Build a culture of continuous improvement. Instil short feedback loops, both internally and externally. Continuously learn and grow at every level of your organisation.

  1. Use Empirical Data

Agile teams are more receptive to decisions based on real data and facts. For example, working on a new feature based on feedback from customer focus groups or data from A/B testing.

  1. Collaborate and Communicate 

Communication and collaboration come hand-in-hand. Both are imperative, not just at a team level but across the whole organisation.

  1. Transparency, Inspection and Adaptation

Transparency (i.e. clear and open communication) is vital, especially when dealing with issues. This allows inspection of the process and us, which enables us to adapt accordingly to current internal or external needs.

  1. Values 

Have a values-based focus.
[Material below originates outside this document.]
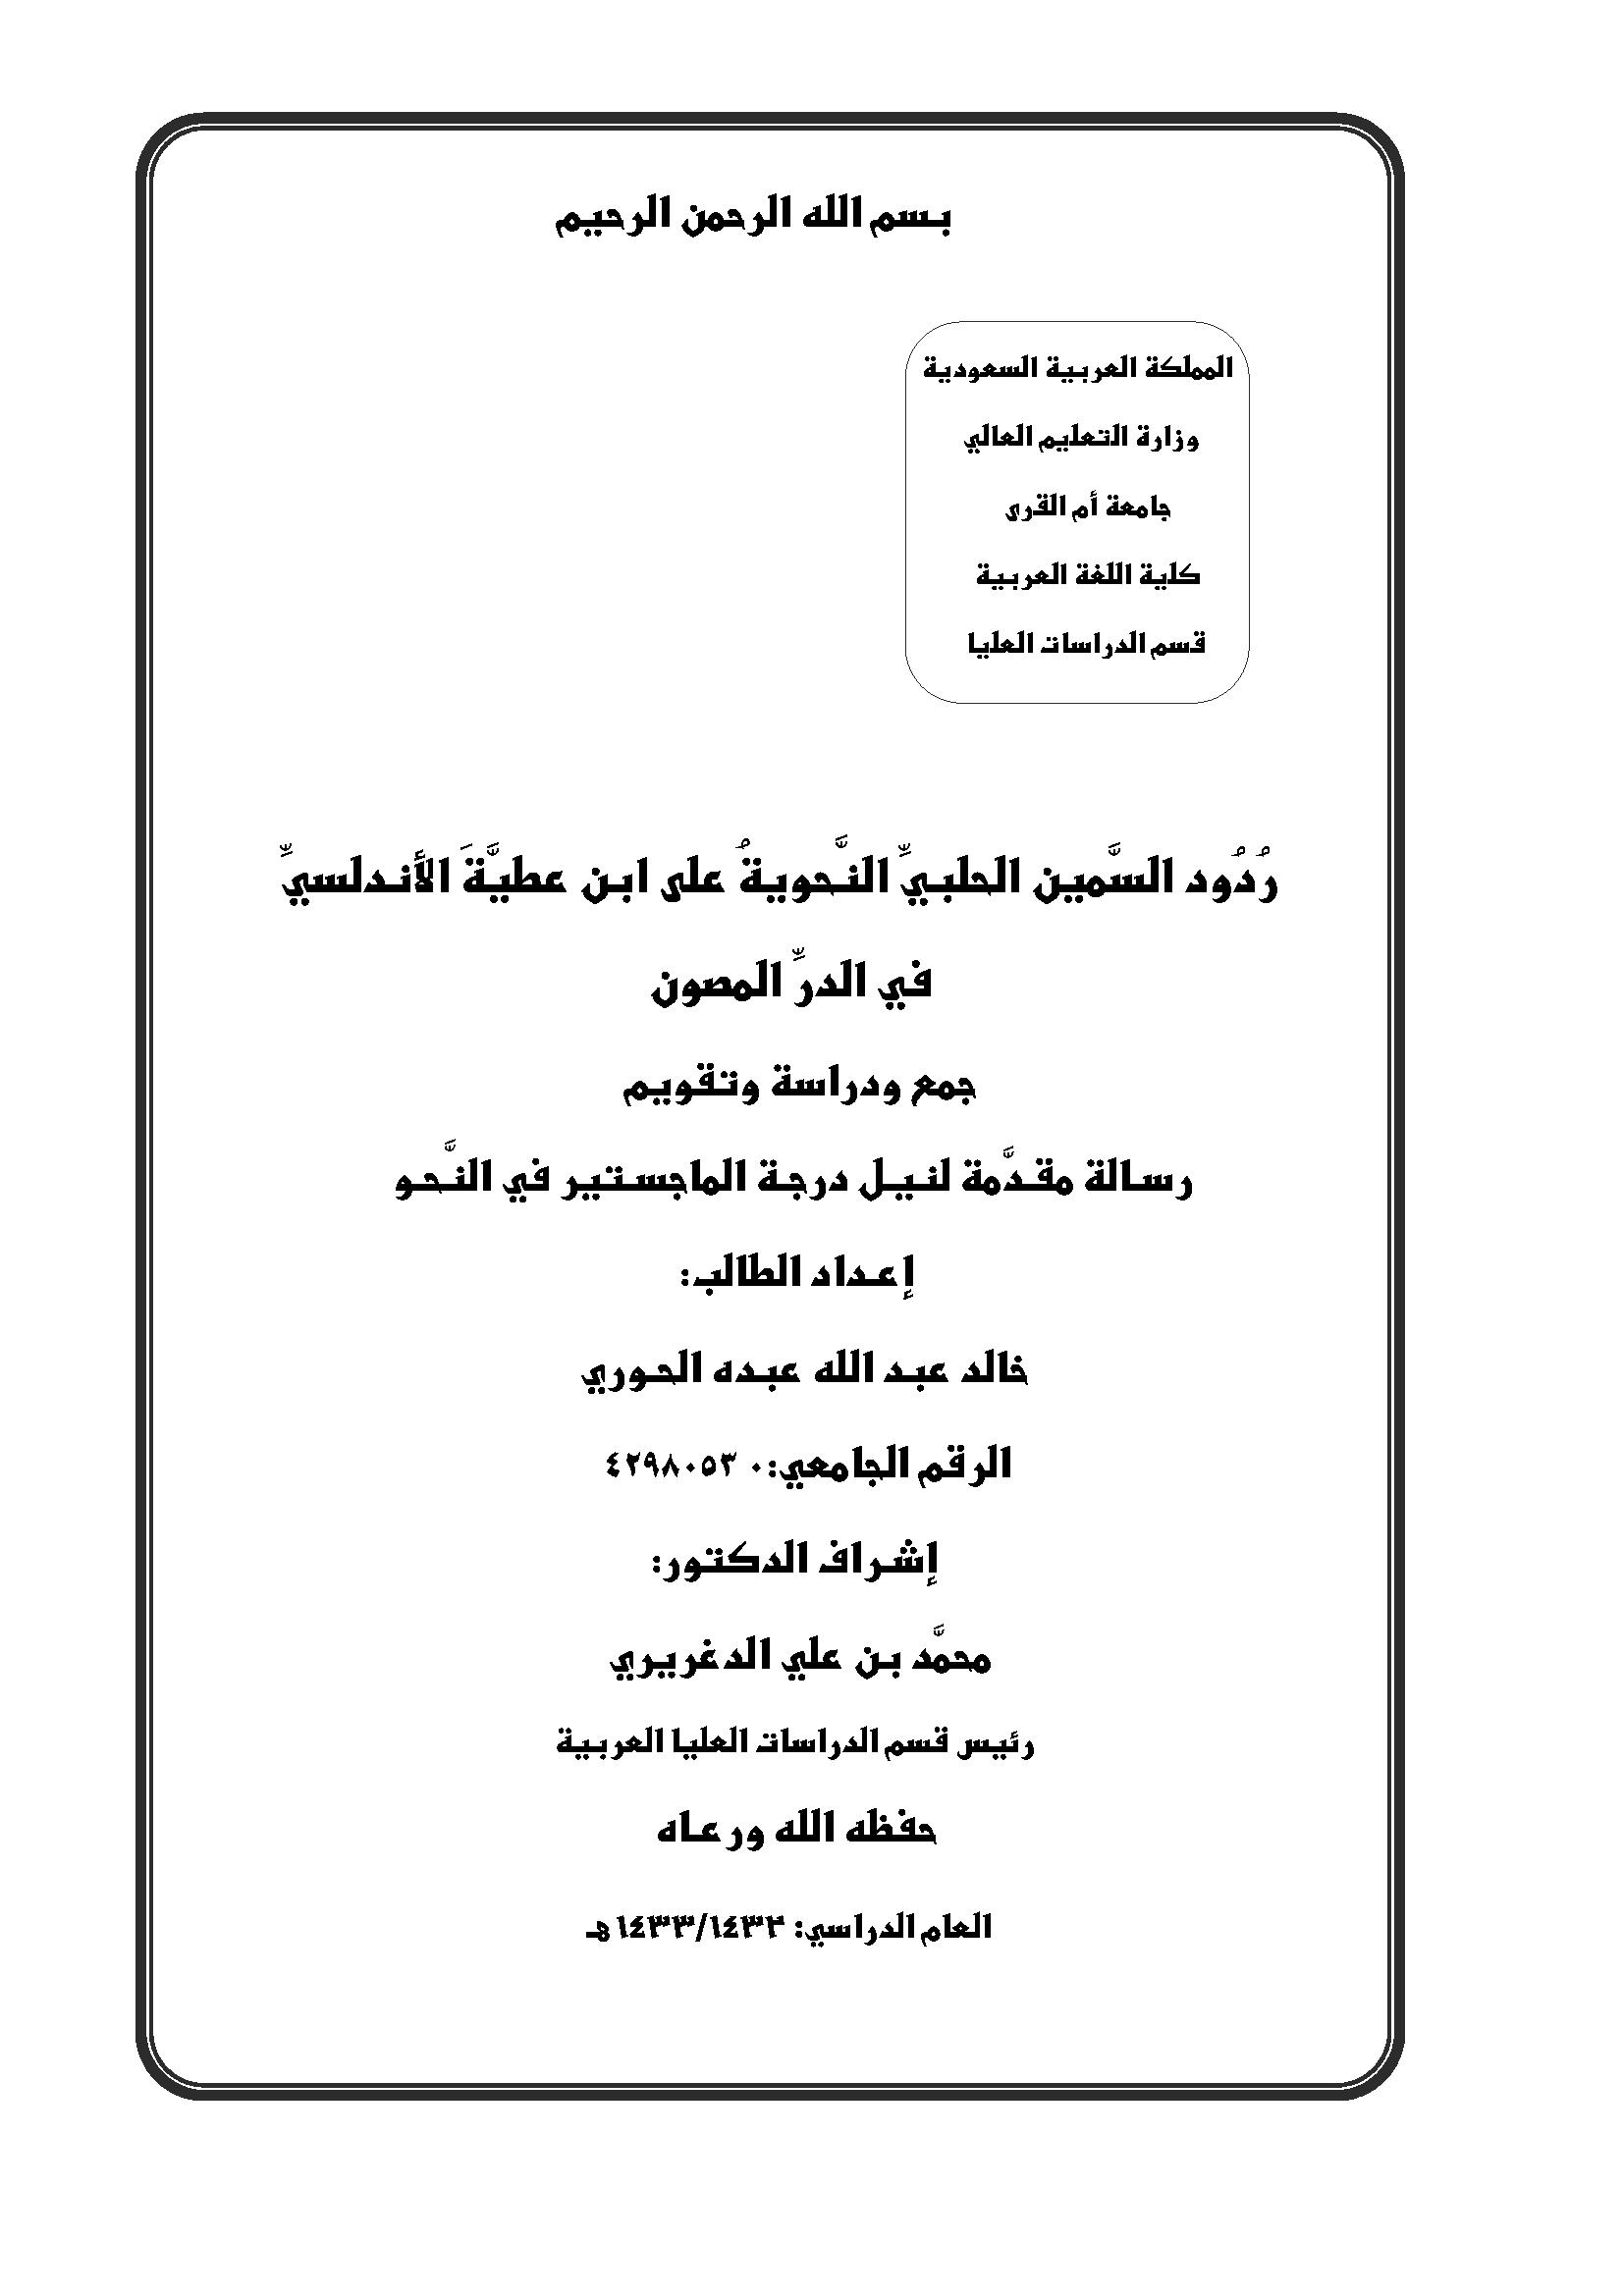 تحميل كتاب ردود السمين الحلبي النحوية على ابن عطية الأندلسي في «الدر المصون» (جمع ودراسة وتقويم) لـِ: خالد عبد الله عبده الحوري

Not only does this mean providing value to customers, early and often, but also having shared values in Agile teams and the organisation as a whole. All individuals should have courage and be responsible, open, transparent and committed.

Transformation or Organisational Change?

Being or DoingOrganisations tend to have a misconception that “boom! We are now Agile” following a two-day Agile workshop. Of course, that is not realistic, but if only achieving Agile was that simple! Successful Agile Transformations require a balance of doing Agile (e.g. adopting practices, following ceremonies) and being Agile (e.g. fostering a culture of change and adaptability, having a shared common goal). Organisations usually implement one or the other in hopes of a quick fix. Indeed, there may be some organisational change as a result of doing Agile or being Agile, but an organisation will not be truly Agile with only one component. 

Despite the focus on teams and collaboration, do not overlook the power of the individual. Everyone must be Agile in order for the Agile Transformation to succeed. Creating a psychologically safe environment, where people trust one another and have an intrinsic motivation towards set goals, supports high-performing, self-organised teams. These qualities lend themselves to greater agility, meaning teams are able to adapter faster to the market and stay competitive. Essentially, individuals, teams and organisations competently being and doing Agile have become Agile.